- Active: 1940–1943
- Country: South Africa
- Allegiance: South Africa
- Type: Brigade

Commanders
- Notable commanders: Brigadier George Thomas Senescall

= 7th South African Infantry Brigade =

The 7th South African Infantry Brigade was an infantry brigade of the army of the Union of South Africa during World War II.

The Brigade formed part of the South African 3rd Infantry Division and only saw action in the Battle of Madagascar (June–November 1942). After this operation, it remained in South Africa until it was disbanded on 17 May 1943.

== History ==
The Brigade was formed on 17 June 1940 at Premier Mine. It was part of the 3rd South African Infantry Division and remained stationed in South Africa until June 1942.

It was then sent, as the 7th Motorised Brigade and under command of Brigadier George Thomas Senescall, to Madagascar to help prevent a Japanese occupation of the island, which was under control of Vichy France. The task of the Brigade was to prepare to defend Diego Suarez against a Japanese landing or a counter-attack by Vichy French forces on the island.

By September, the initial fear of Japanese omnipotence had eventually abated and the 7th Brigade was moved south to help break the stubborn resistance of the remaining Vichy French forces. On 29 September, two companies of the South African Pretoria Highlanders performed the only amphibious landing by South African forces of the entire war, at the west coast harbor town of Tulear. On 6 November 1942, the French commander Armand Annet capitulated.

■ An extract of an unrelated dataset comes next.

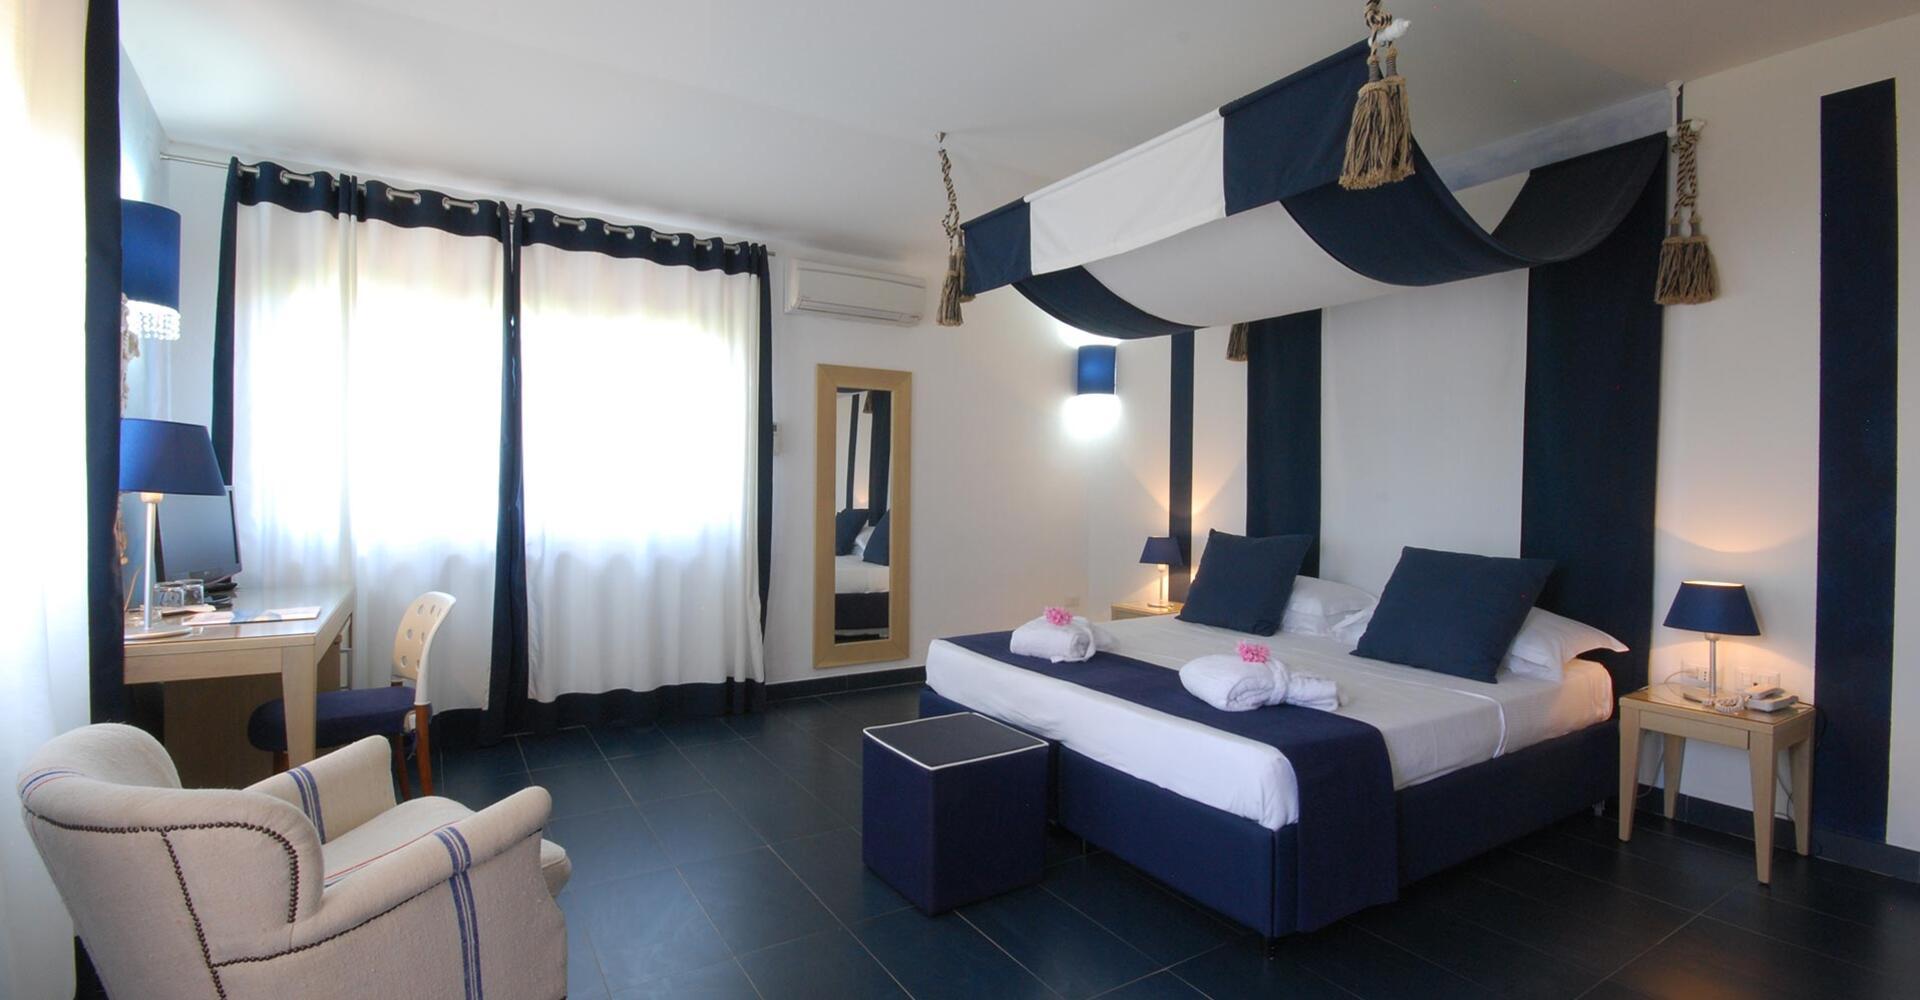 hotelcalarosa it home 019
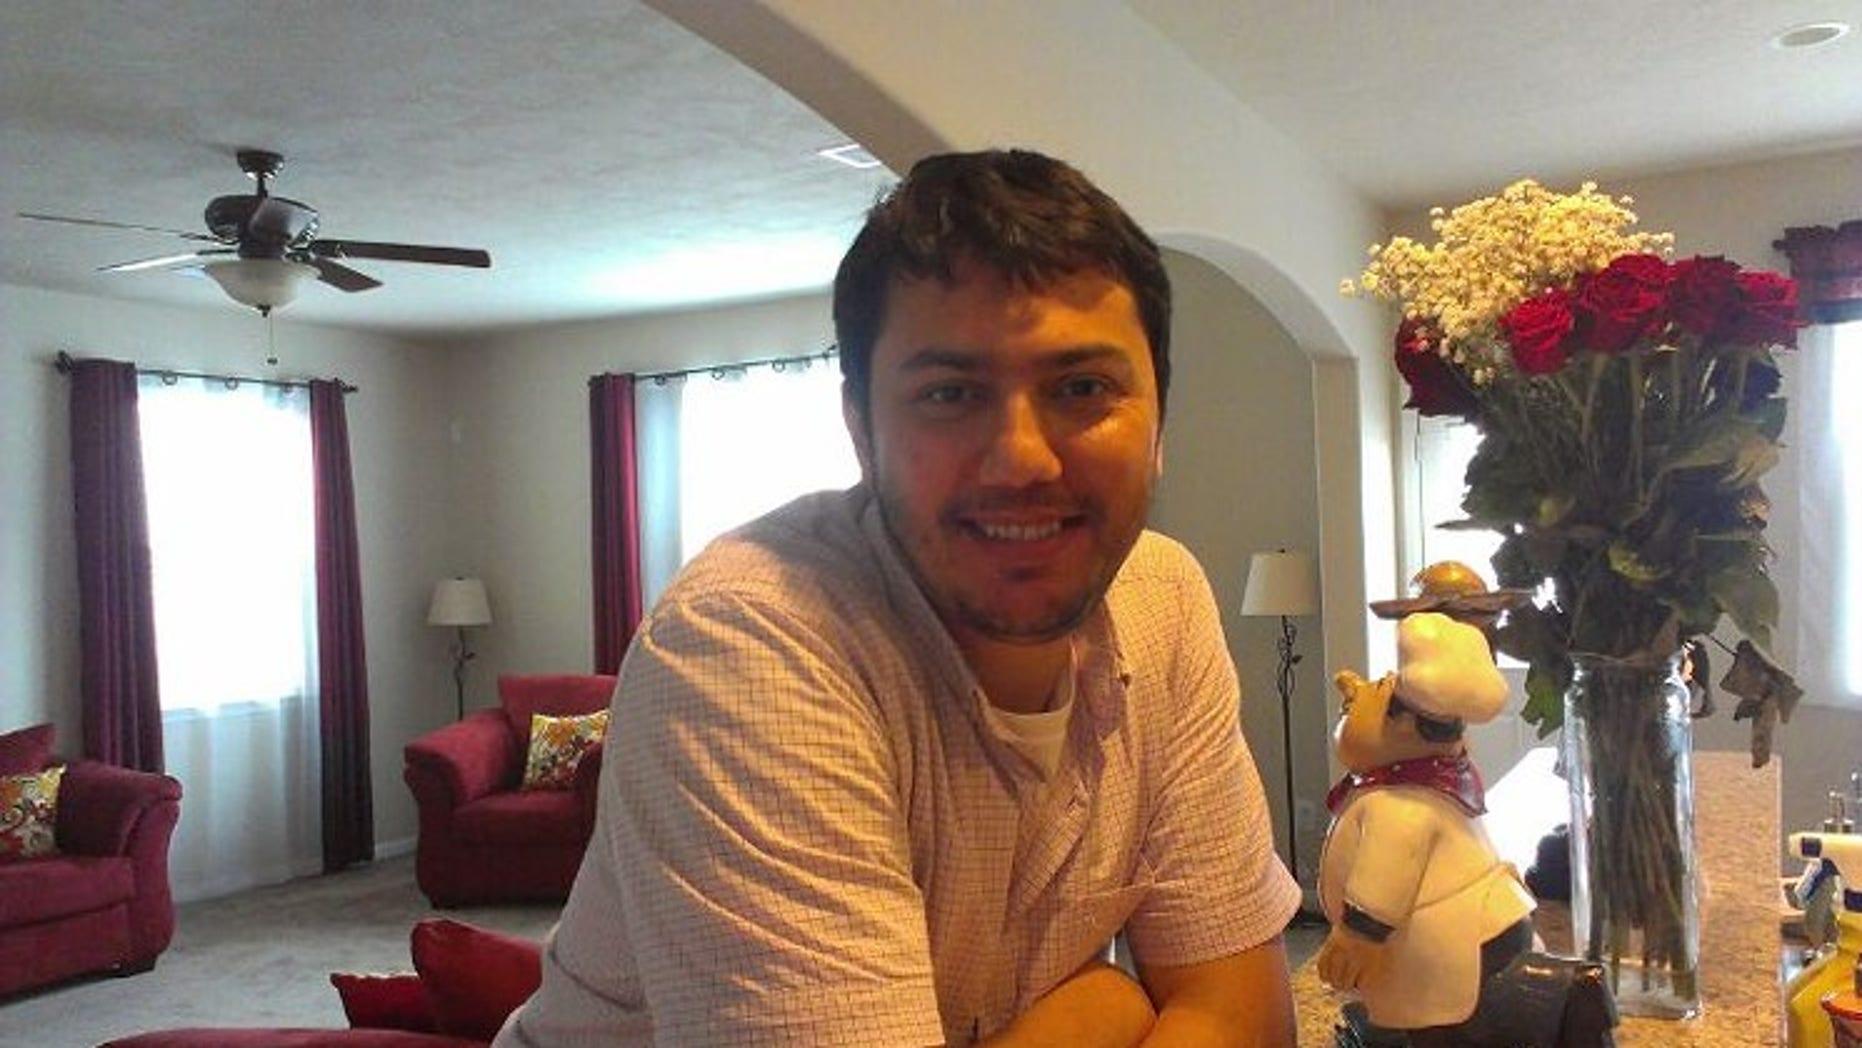 NASA scientist Serkan Golge, a dual Turkish-American citizen, remains behind bars in Turkey.

On 7 December, the 7th Brigade returned to South Africa and became again part of the 3rd Infantry Division. It was disbanded on 17 May 1943.

==Order of battle==
Order of Battle during the Battle of Madagascar

- 1st City Regiment (Grahamstown)
- Pretoria Regiment
- Pretoria Highlanders
- 1st SA Armoured Car Commando
- 6th Field Regiment SA Artillery
- 88th Field Company SA Engineers

==Bibliography==
- Phillips, Russell (2021). A Strange Campaign: The Battle for Madagascar. Shilka Publishing. p. 93. ISBN 978-1912680276.